Data shown Block Start

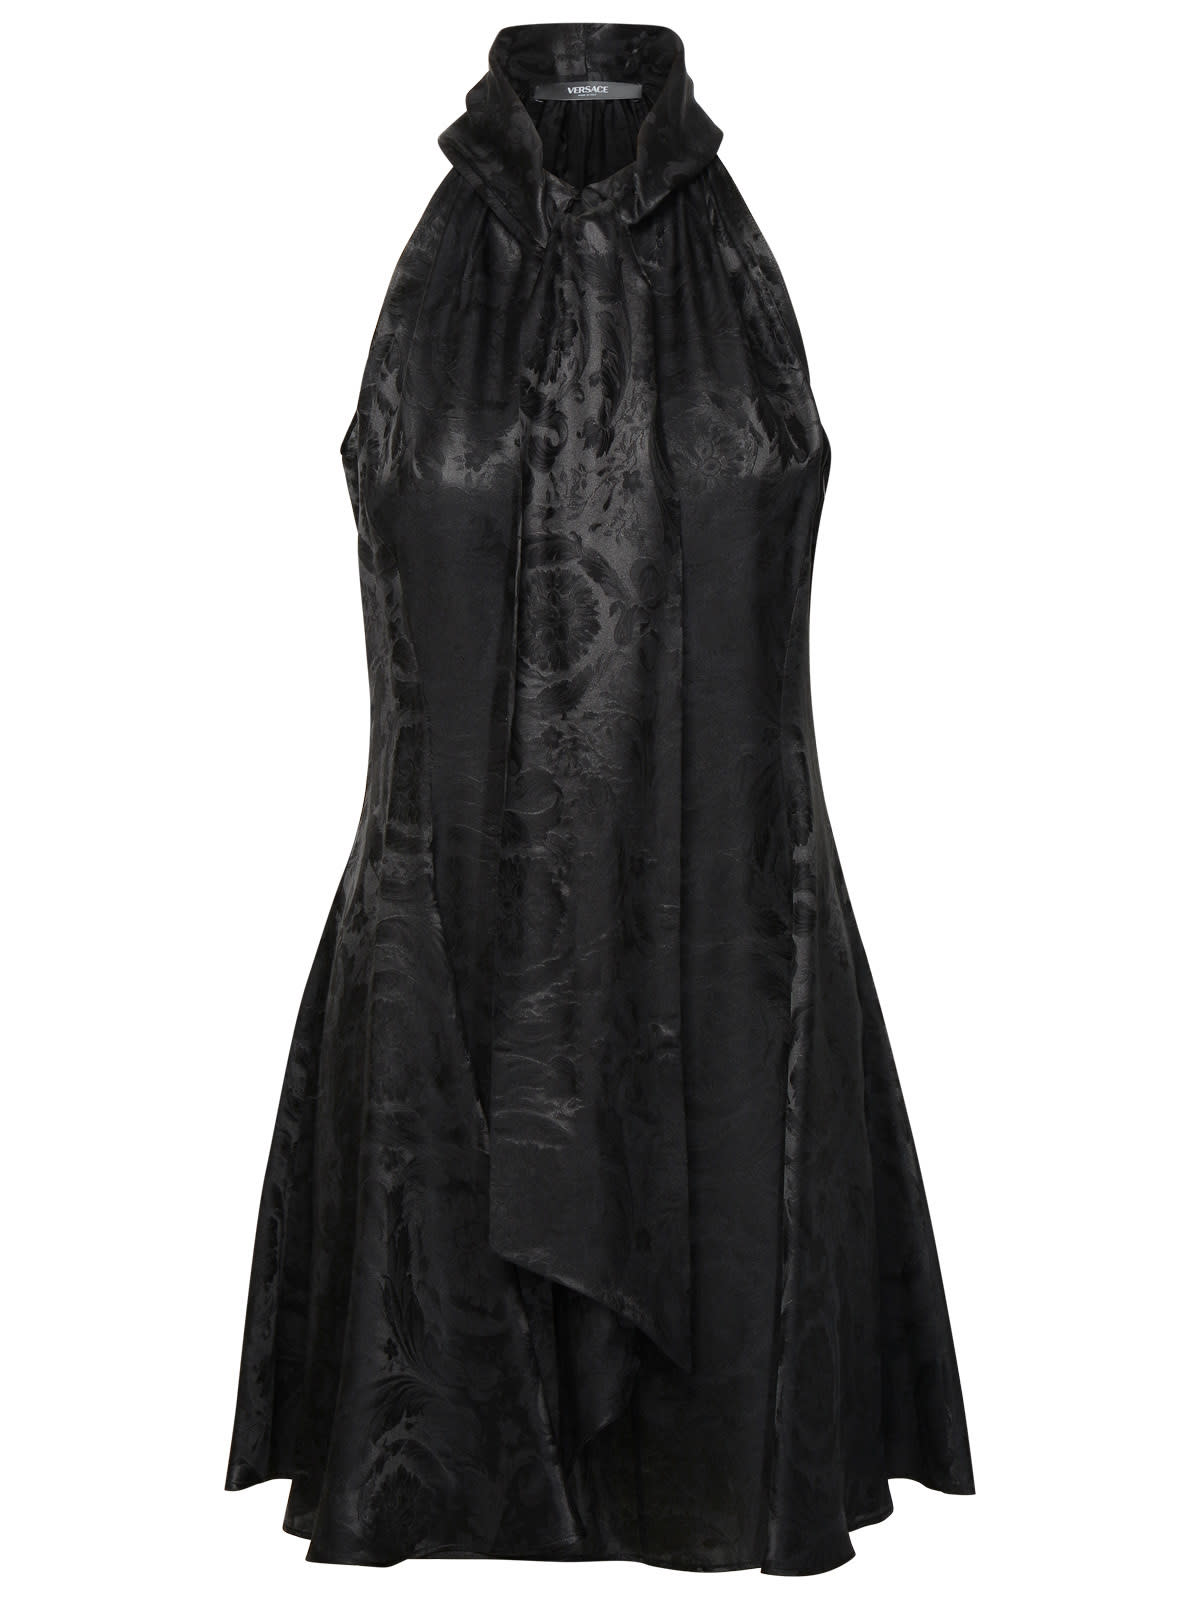 VERSACE BAROCCO DRESS IN BLACK SILK BLEND
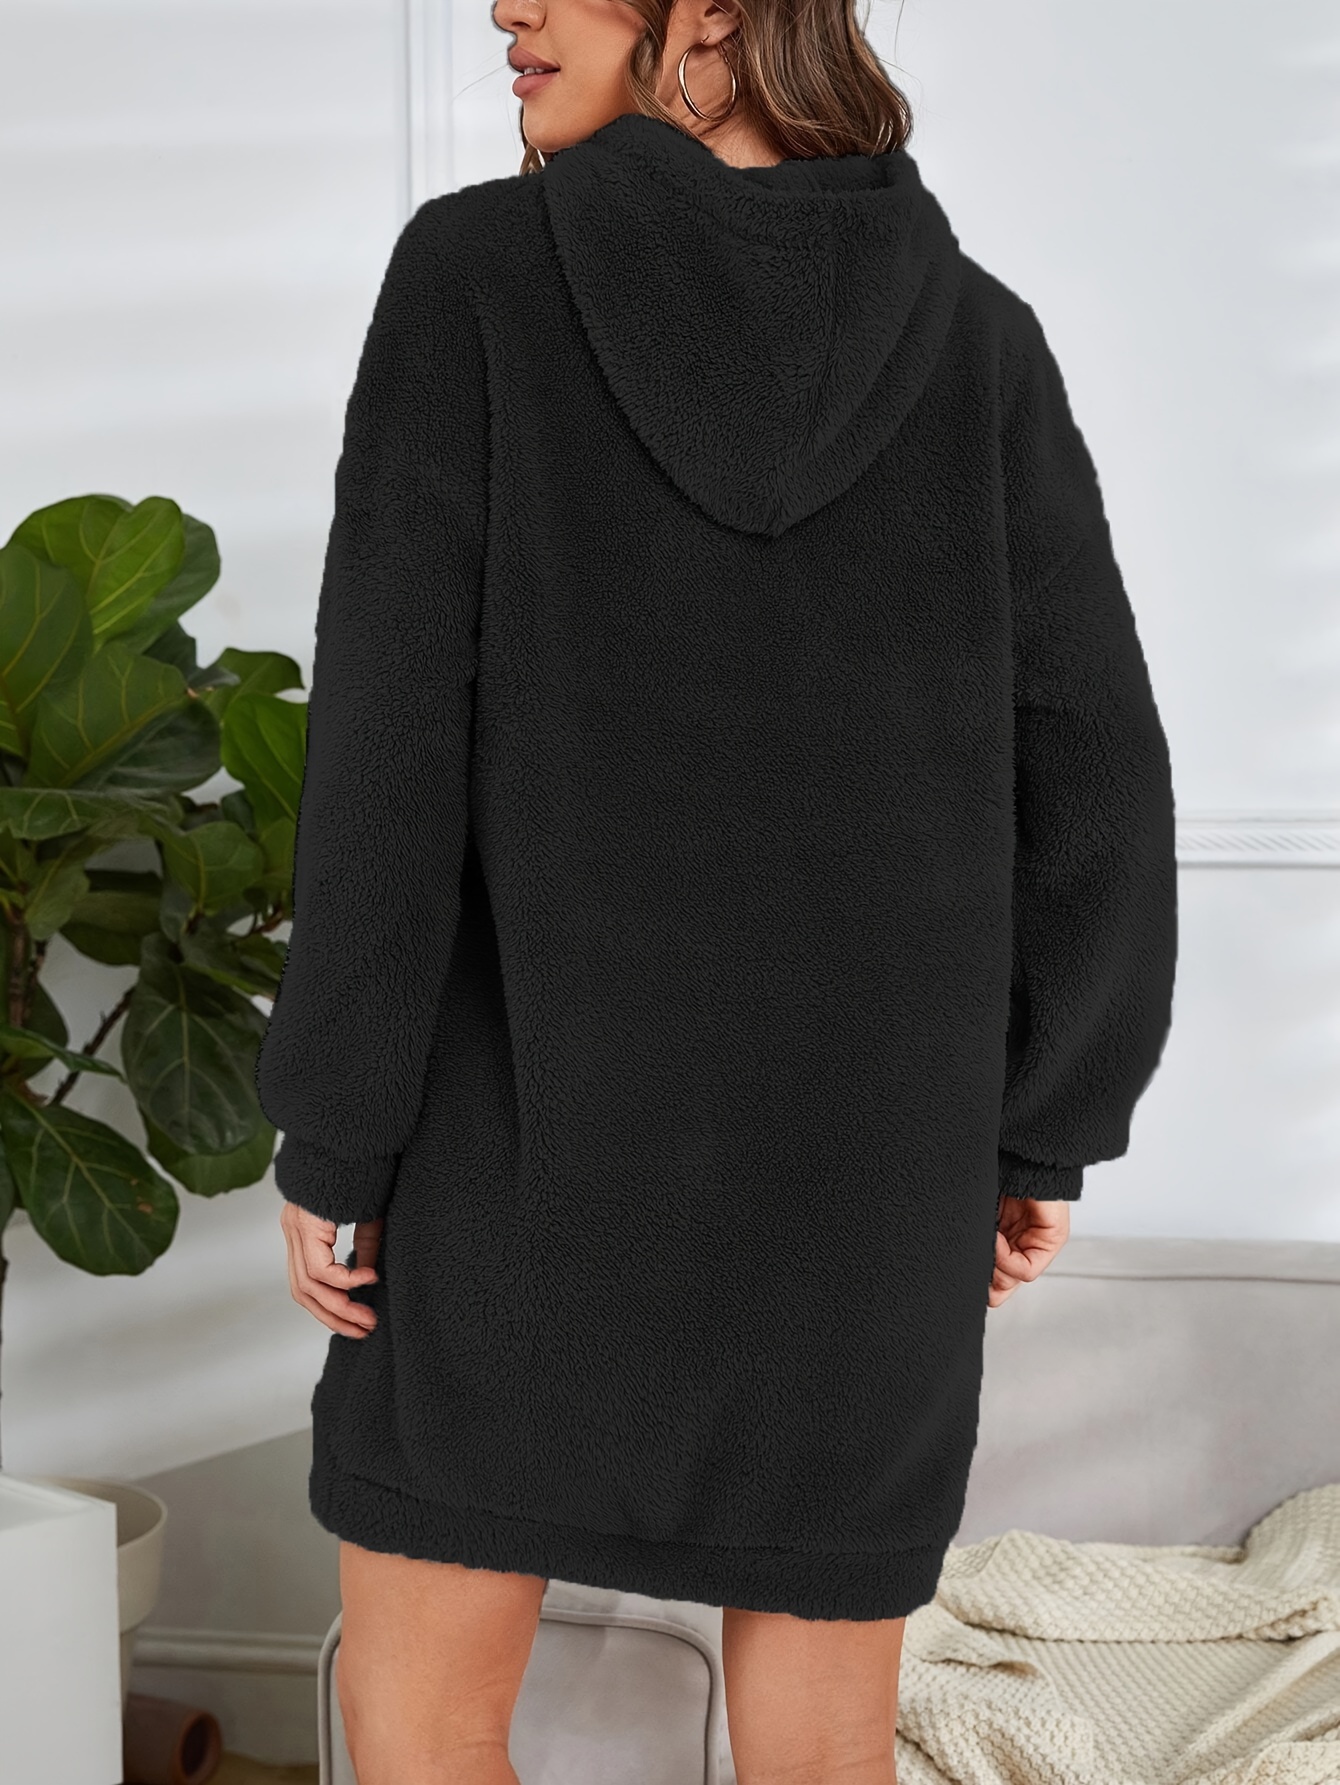 hooded teddy dress, hooded teddy dress casual long sleeve simple warm dress womens clothing details 44
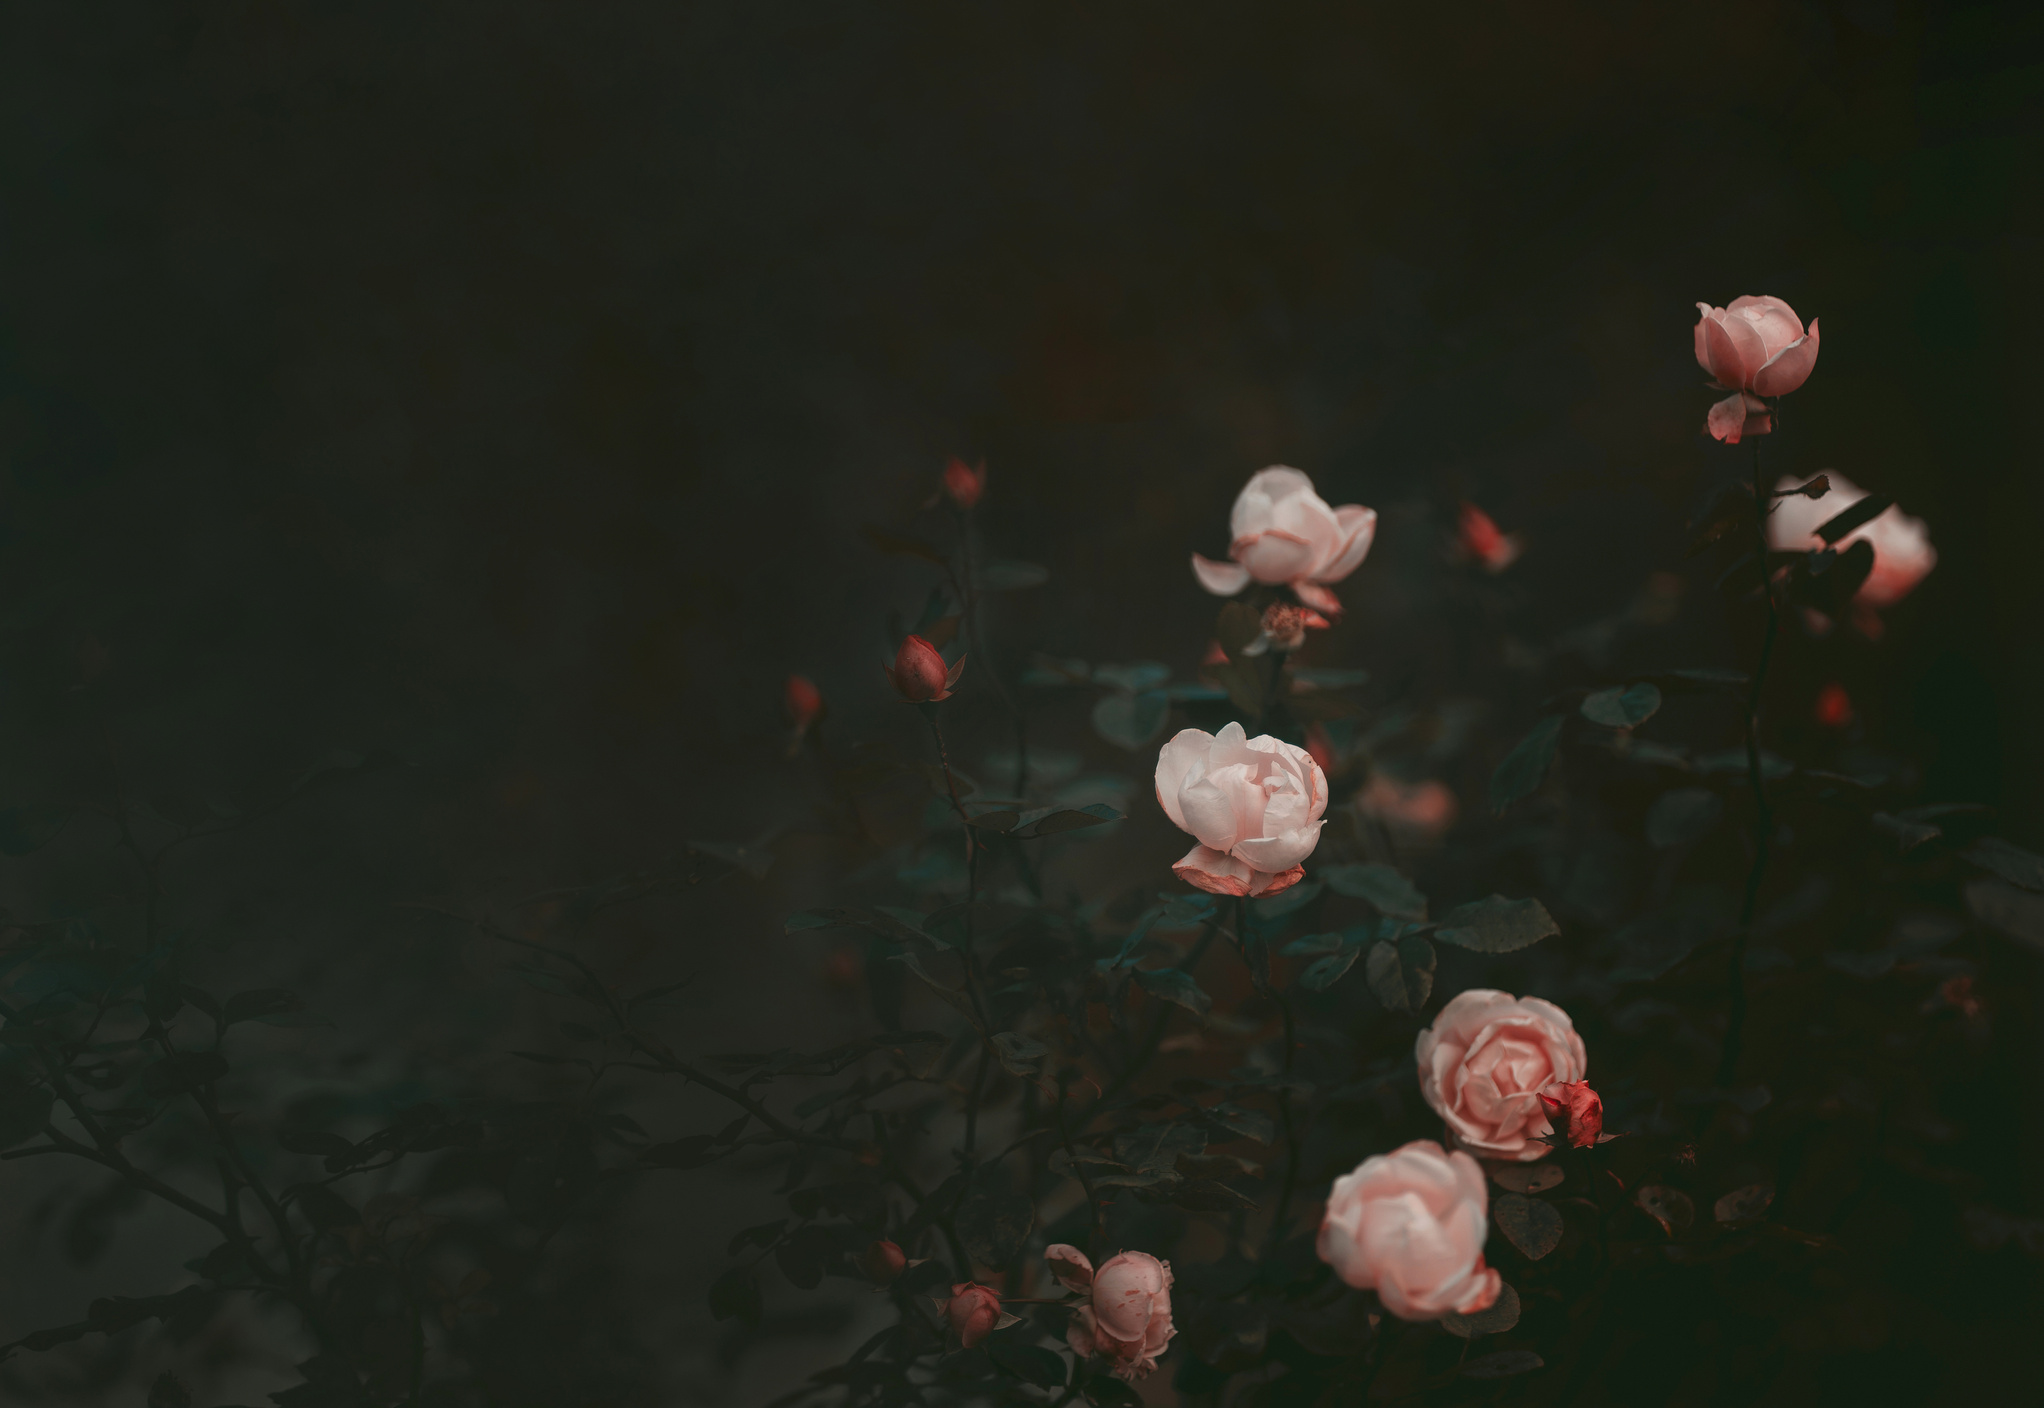 Moody roses, dark aesthetic background
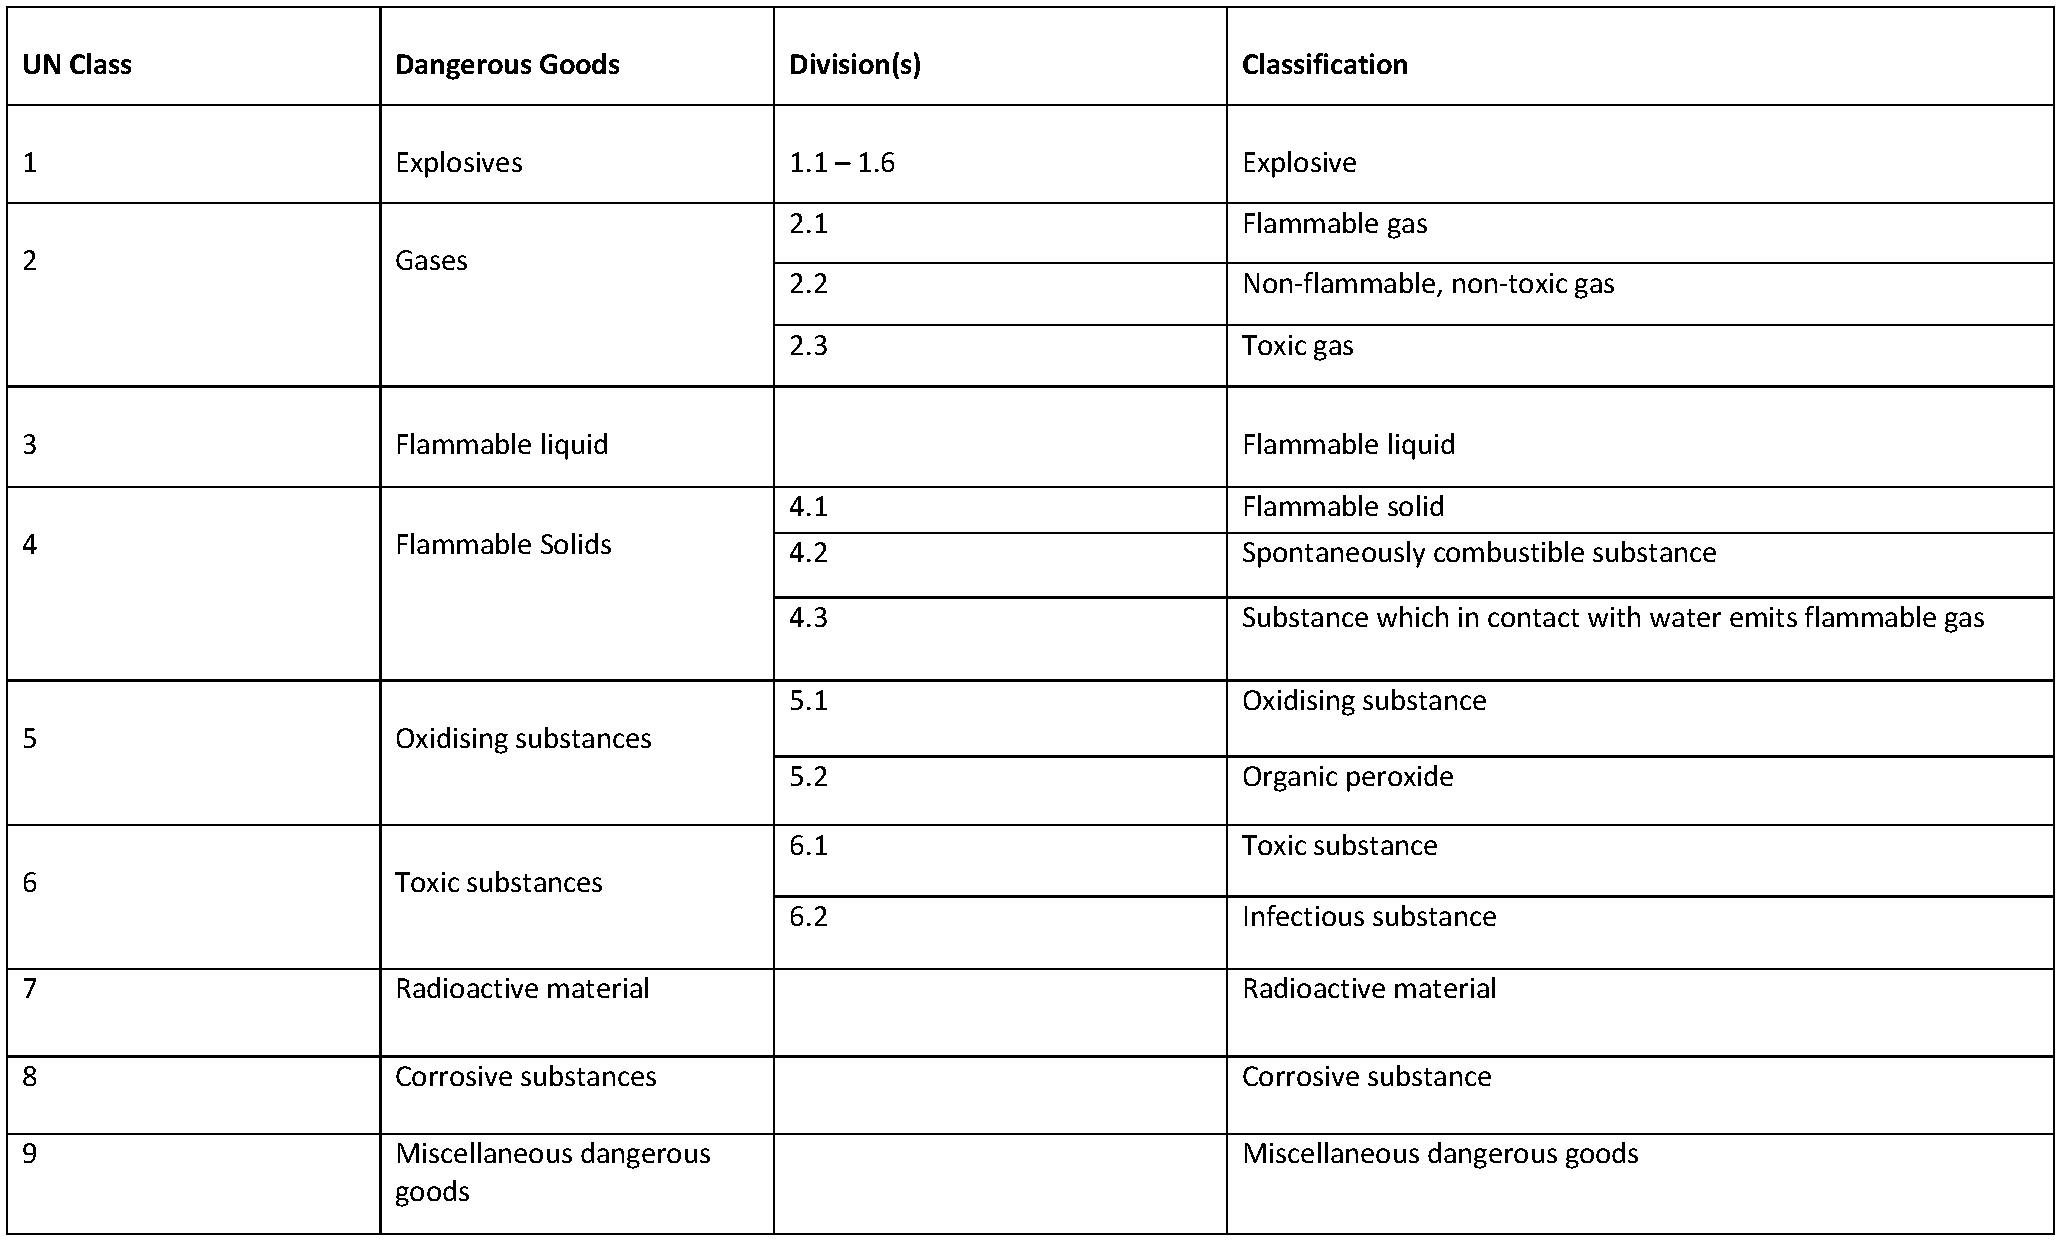 Table of Hazardous Materials Classification

Data shown Block End

◆ What is expected ◆
Pictures are not part of the copy. Reproduce the lines from the one with "Moody roses, dark aesthetic background" through the end of the listing above.

◆ Exercise answer ◆
 Moody roses, dark aesthetic background
 Table of Hazardous Materials Classification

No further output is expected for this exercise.